MAX DEAN, RAFFAELLO D’ANDREA & MATT DONOVAN Robotic Chair 1985 – 2006 custom-made robot, software, vision system, computer & platform Chair: 82 x 40 x 48 cm platform: 20 x 244 x 244 cm Courtesy Nicholas Metivier Gallery, Toronto Photos by nichola feldman-kiss
PRIVATE VIEW: THURSDAY 31 JULY 2008, 6-8PM
THOMAS BAUMANN / IAN BURNS / JIM BOND / MAX DEAN, RAFFAELLO D’ANDREA & MATT DONOVAN / THEO KACCOUFA / KRISTOF KINTERA / TIM LEWIS / HAROON MIRZA / GOSHA OSTRETSOV / STEVEN PIPPIN / JAIME PITARCH / NATHANIEL RACKOWE / NIK RAMAGE / CAROLINE TATTERSALL / JEAN TINGUELY / ANTOINE ZGRAGGEN
Kinetic art emerged in the 1960s from the mixed parentage of the well-oiled motor of Constructivism and the anti-art ad absurdum of Dada. On the one hand, the movement was a celebration of the artist-as-engineer; a utopian practice that gave formal expression to the energy of mechanical processes and championed a Modernism most High. On the other, it animated the anarcho-political fervour of a revolutionary post-war contingent bent on trashing aesthetic precepts and bourgeois tenets. Supreme functionality verses extreme destructiveness; the whirr of social harmony or the cacophony of a cog in the political machine.
Despite this significant lineage, it is broadly assumed that Kinetic art never really established itself beyond a contested adolescence, and that it played out this errant youth – depending on who’s story of art you are reading – occupied with pseudo-scientific gadgetry or kitschy optical tricks. The footnoting of the movement in the history of 20th century art lead to its widespread dismissal in many areas of contemporary criticism, an erasure that triggered Yves-Alain Bois to declare that Kinetic art had ‘suffered the unhappy fate of a flash in the pan’.

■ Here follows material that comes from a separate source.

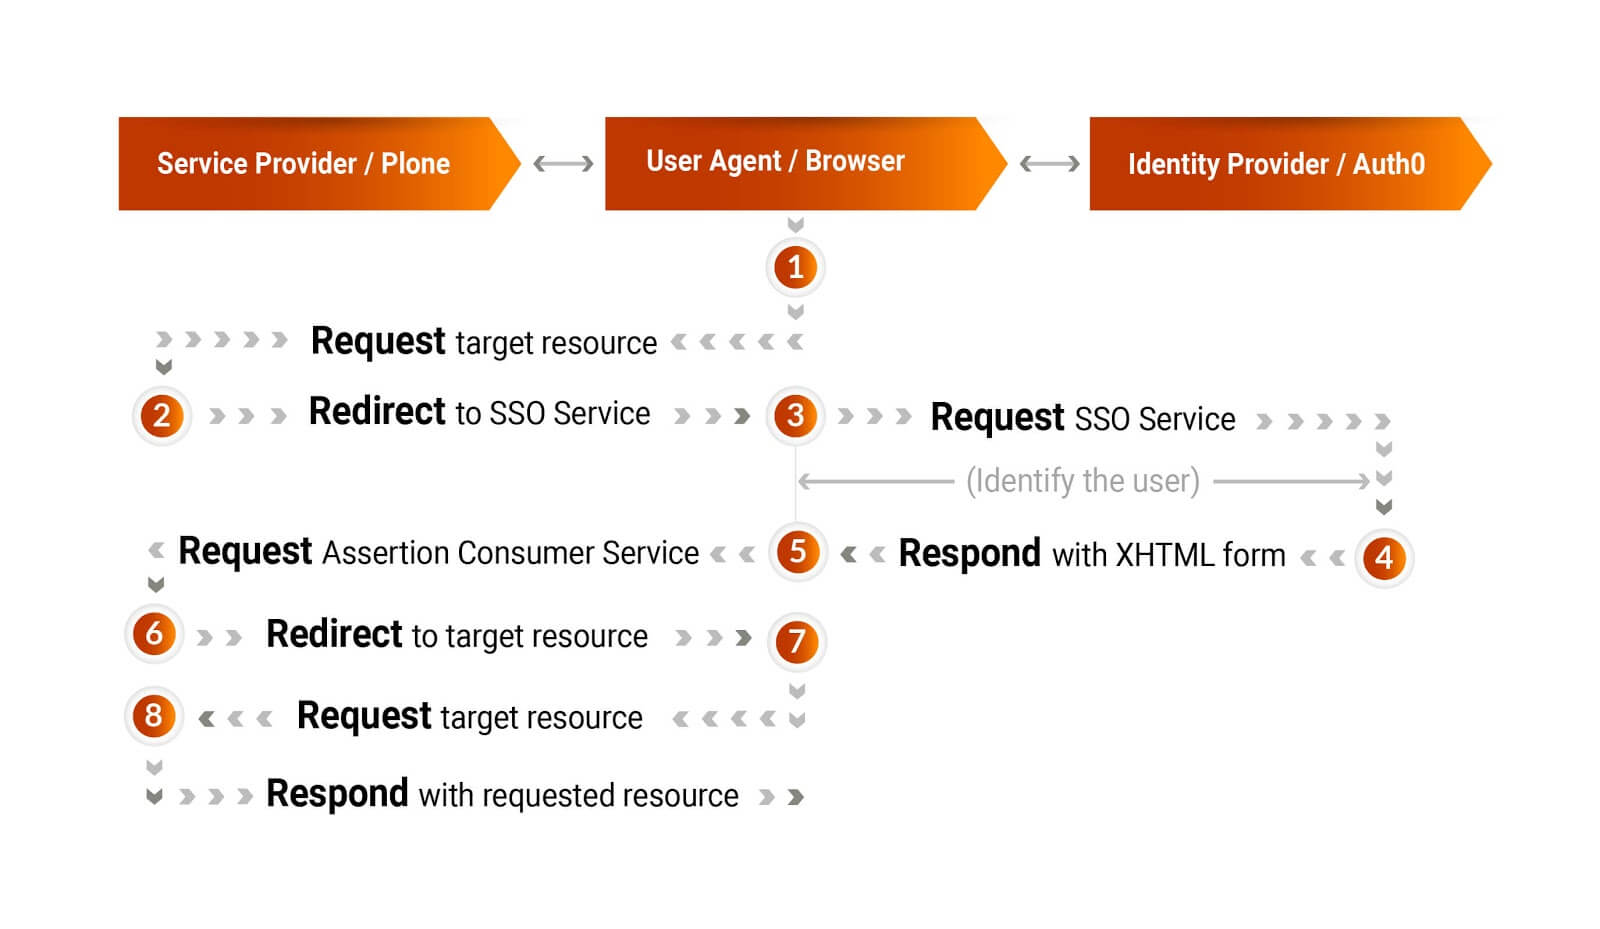 SAML2 workflow for service provide, user agent and identity provider

This exhibition substantiates the domestic connotations present in Bois’ statement to investigate Kinetic art at a tangent to the discrete line of art history, a position located not only off the official path, but behind closed doors. Expanding the bracket of the artistic movement beyond its staunchly socio-political origins, it explores how artworks loosely grouped by the classification ‘kinetic’ have addressed the structures – psychological, linguistic, social and familial – that exist within the space of the home.
Whilst the domestic object can claim a legacy in Kinetic art that extends as far back as Duchamp’s readymades, the significance of a domestic/kinetic interplay within a continuing field of practice has yet to be fully addressed. Here, a diverse group of artists explore the meanings generated when kinetic art, taken beyond its limitations as a finite modern movement, enters the machine for living in.

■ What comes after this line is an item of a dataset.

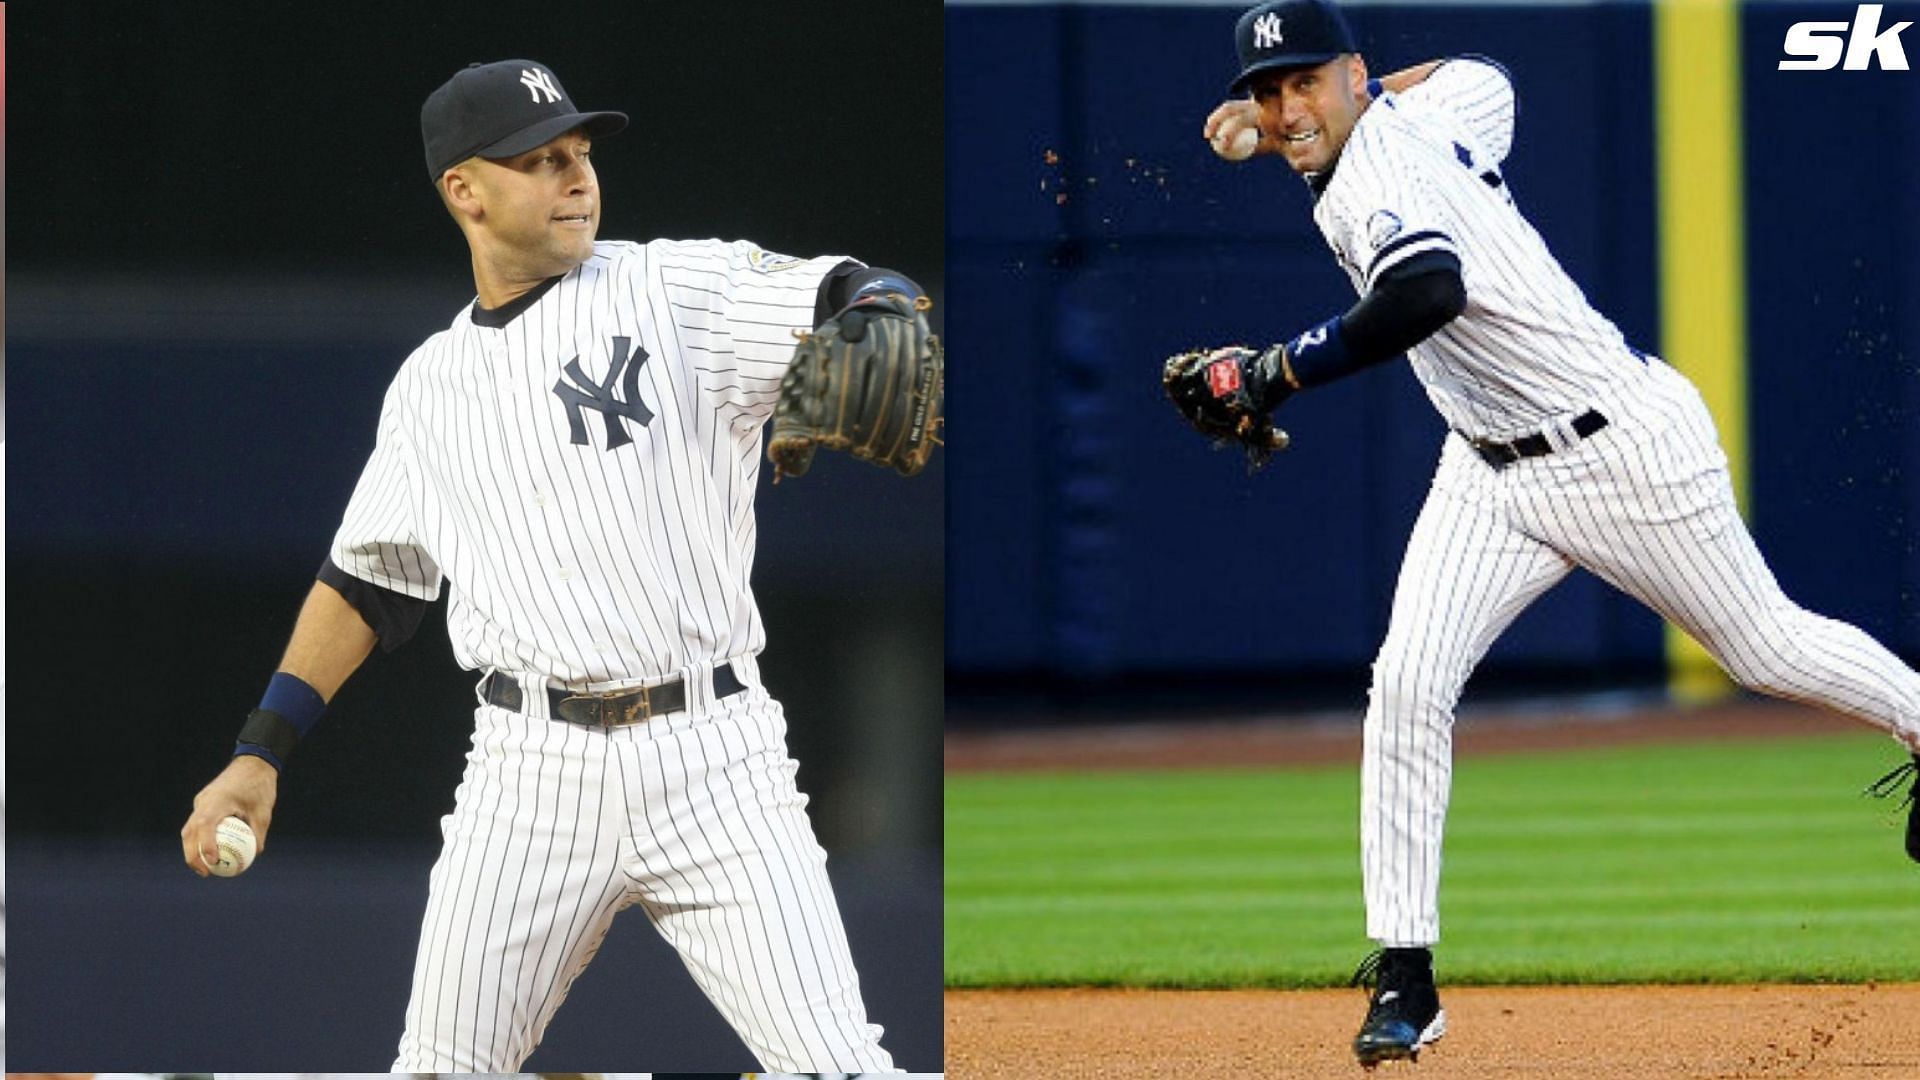 Derek Jeter once shared untold memories about his long-lost high

Jean Tinguely, founding father of Kinetic art in its Dadaist incarnation, and Czech artist Kristof Kintera exploit the same signifier – the power drill – to different ends. Tinguely’s playful sculpture, an ode in steel and feathers to his second wife Niki de Saint Phalle, is imbued with an intimacy that hints at a private language of desire, whilst the violent pas de deux acted out in Kintera’s domestic drama muddles objectification and anthropomorphism to make the viewer a voyeur, complicit – through the act of seeing – in a scene of sexual antagonism and gender politics.
The industrial aesthetic of Antoine Zgraggen’s monumental destructive machines masks their role as priest-like vehicles of confession and catharsis. In the mechanical hands of these automaton analysts, domestic objects invested with traumatic memories and turbulent meanings are severed, compressed and shattered into extinction. Where Zgraggen destroys objects made faulty through their entanglement in psychic webs, Nik Ramage subverts the purpose of appliances to make them anew. Relinquishing Constructivist principles of utility and efficiency, fragility and faultiness become their bathetic function.
Max Dean, Raffaello D’Andrea & Matt Donovan pay deference to the Dadaist legacy of auto-destructive machines by creating a robotic chair that perpetually negotiates the spectrum of construction and collapse. Falling apart only to put itself back together again, the chair is a cipher of flux; neither figure nor ground, form or l’informe, it inhabits a space where the line between mechanical system and subjectivity blurs. This ambiguous terrain is also the setting for Thomas Baumann’s Asilver, an object fixated on the cycle of deformation and re-formation. Doggedly remodelling itself ad-infinitum, it momentarily diverges from an abstract geometry to adopt the form of an unheimlich apparition – a domestic glitch that is the ‘ghost’ in the machine.
DOMESTIC APPLIANCE will be accompanied by a catalogue with text by exhibition curator Ellie Harrison-Read.